Very cool im jealous. That's the field I would love to be in. Doing set designs for Horror movies. AWESOME!


----------



## princeofdarknessMikeW (Jan 30, 2009)

Well I do the agent part now, lol my days of getting dirty are over inless its personally for me. I did that for the show as a good freind of my produces it. So I thought I do some sets for him. Mainly I sit in my office and just deal with clients getting movie stuff or film studios or films that have to have work done.

Some of the people on here could do FX movie work, alot good talent here, thats how I discovered this place. Im the Simon Cowell of Film FX lol...Love to see your stuff you do..


----------



## Yup (Dec 28, 2013)

Wow, excellent job!


----------



## RCIAG (Jul 19, 2010)

LOVE your work!! 

As great as it is I will NOT be buying a Reagan at any price. I had to scroll quickly past those pics in this thread because if I didn't I'd be sleeping with the lights on! Which, only in our Horror/Halloween-land speak, is a compliment!!

Welcome to the forums & keep showing us your stuff!


----------



## princeofdarknessMikeW (Jan 30, 2009)

Thank you. For the kind words everyone. I posted on another thread but will post on this one. We will be starting our film in Feb. The trailer is already finished. Its been a project over the last 3 years, and the in the making over the last 6. Its a new Big Foot movie. We are doing this different, its not just some giant ape in the forest. Lets say its a cross between Predator and Bigfoot. Heres all the info. We start filming in Feb... Enjoy. Any questions feel free to ask. 

Please check out my campaign on Kickstarter http://www.kickstarter.com/projects/mageefx/primal-rage-the-legend-of-oh-mah to see my take on Bigfoot and see how you can get involved in this exciting project! 


My goal is to bring my vision to the screen. To show people that practical effects can still be utilized, in a computer generated world.
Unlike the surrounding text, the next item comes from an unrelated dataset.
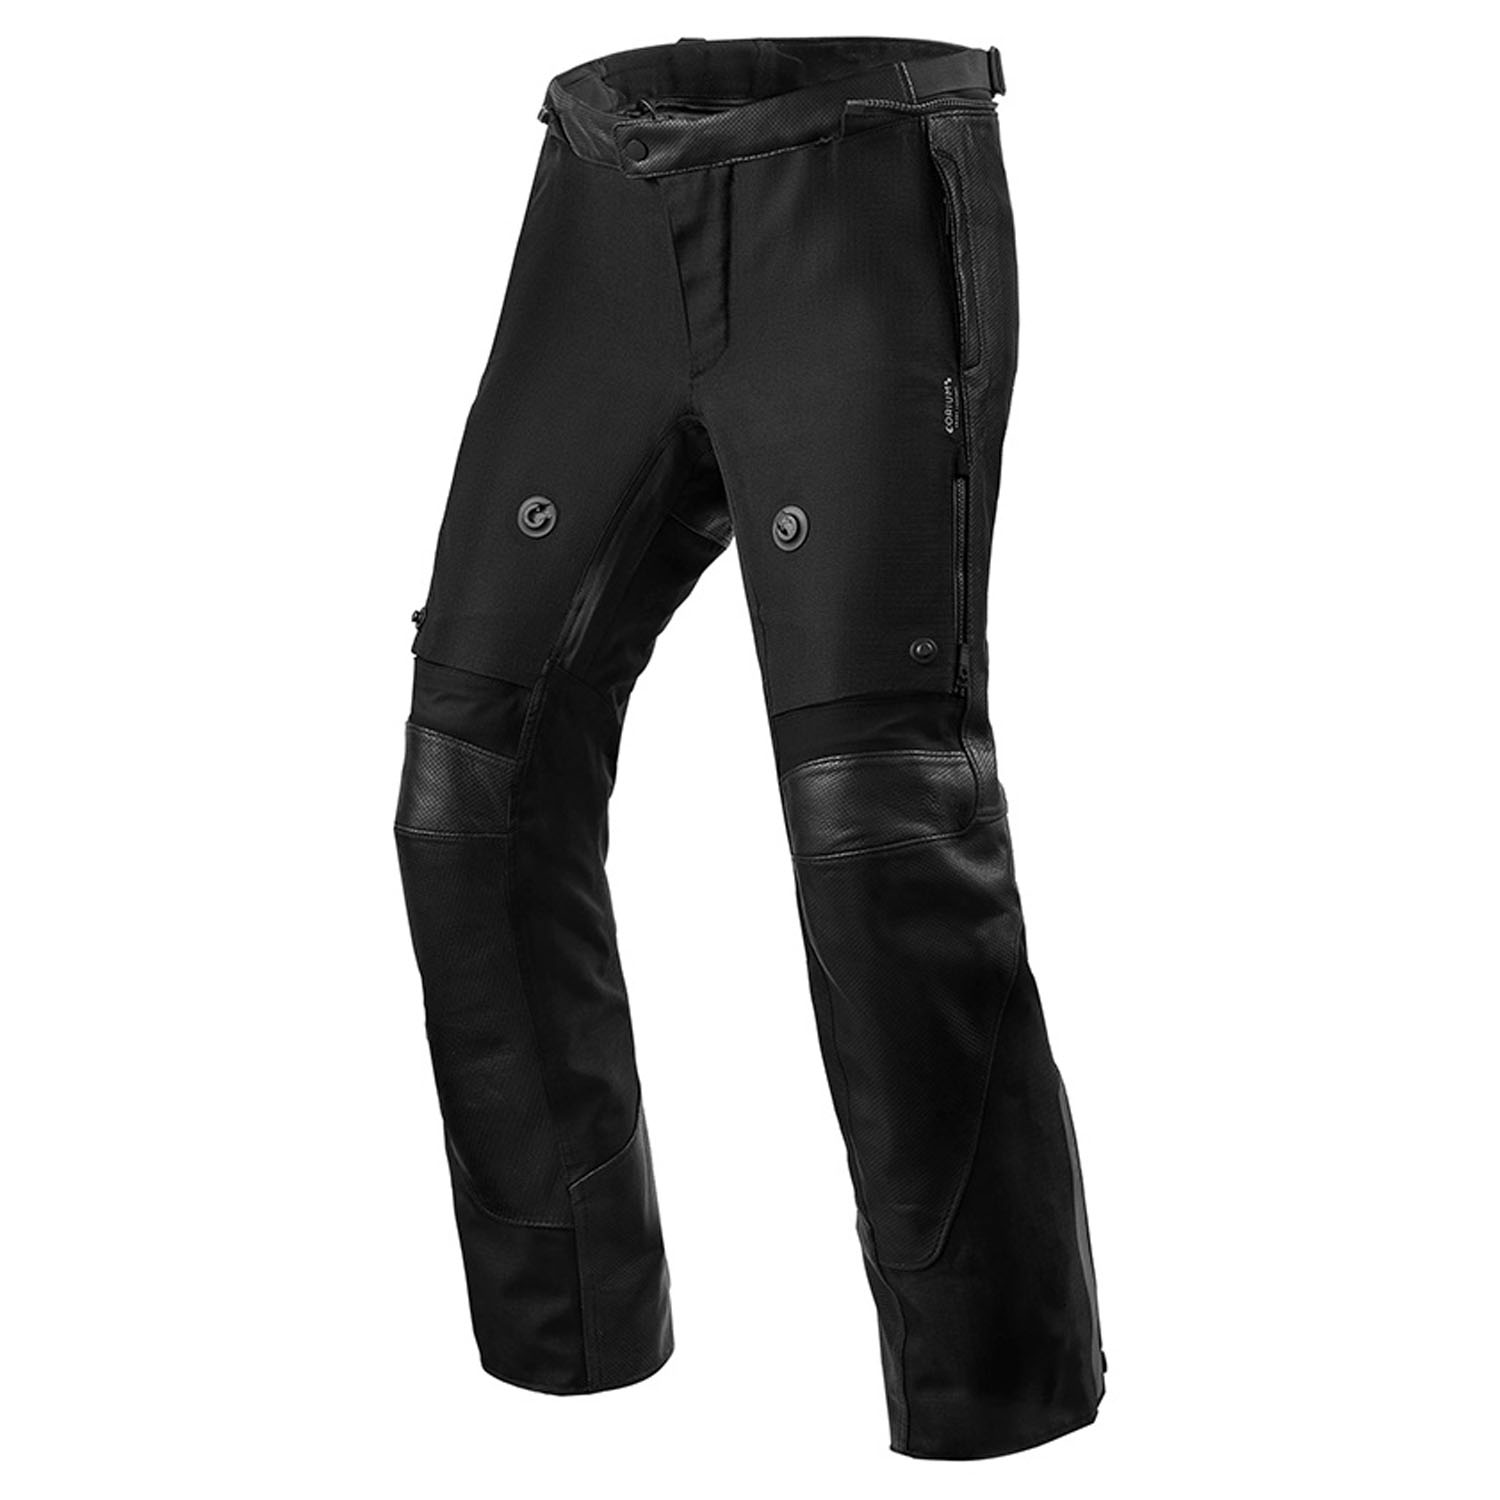 Image of REV'IT! Trousers Valve H2O Black Long Motorcycle Pants Size 54 ID 8700001315920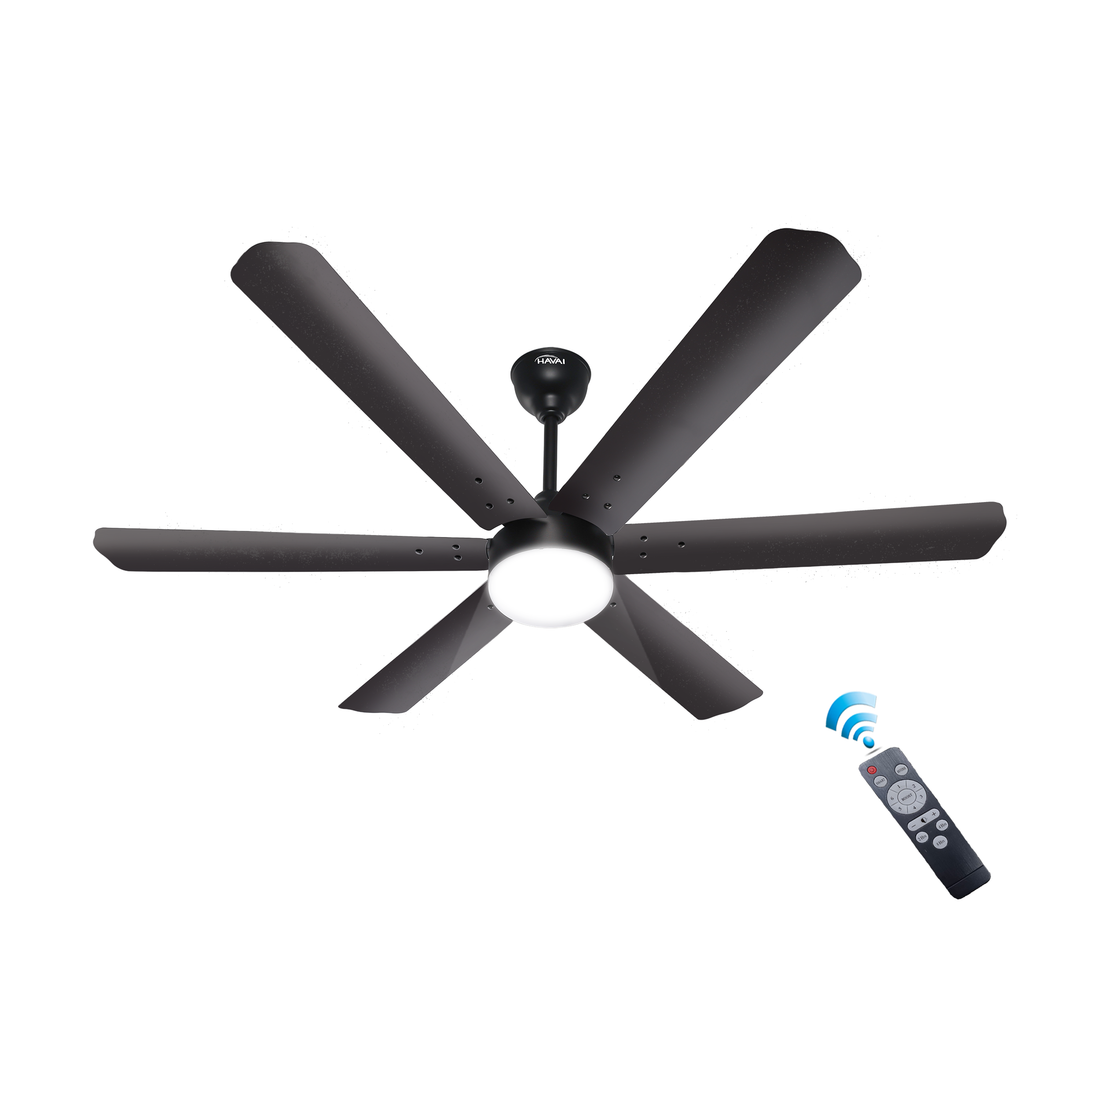 HAVAI Spinel BLDC Ceiling Fan 35W, 1200mm Blade with Remote - Smoky Brown,9W LED Light

To share my story with you, the public, and inspire as well as scare people. 


Lets make 2014 an amazing and memorable year!! 

Thank you and Happy New Year,


----------



## The Halloween Lady (Jul 17, 2010)

Beautiful work! You are very talented.


----------



## Devileyes (Jan 3, 2014)

Incredible work! Love the display and the pics!! Thank you for sharing! I am a HUGE Exorcist fan myself, I think we have talked and done business together on the HMA years ago! 

Joe


----------



## E.F. Benson (Aug 29, 2002)

RCIAG said:


> LOVE your work!!
> 
> As great as it is I will NOT be buying a Reagan at any price. I had to scroll quickly past those pics in this thread because if I didn't I'd be sleeping with the lights on! Which, only in our Horror/Halloween-land speak, is a compliment!!
> 
> Welcome to the forums & keep showing us your stuff!


----------



## E.F. Benson (Aug 29, 2002)

Love the Regan display


----------



## E.F. Benson (Aug 29, 2002)

It would have been cool if Linda Blair would have seen this display.


----------



## E.F. Benson (Aug 29, 2002)

Even had the Pazuzu statue


----------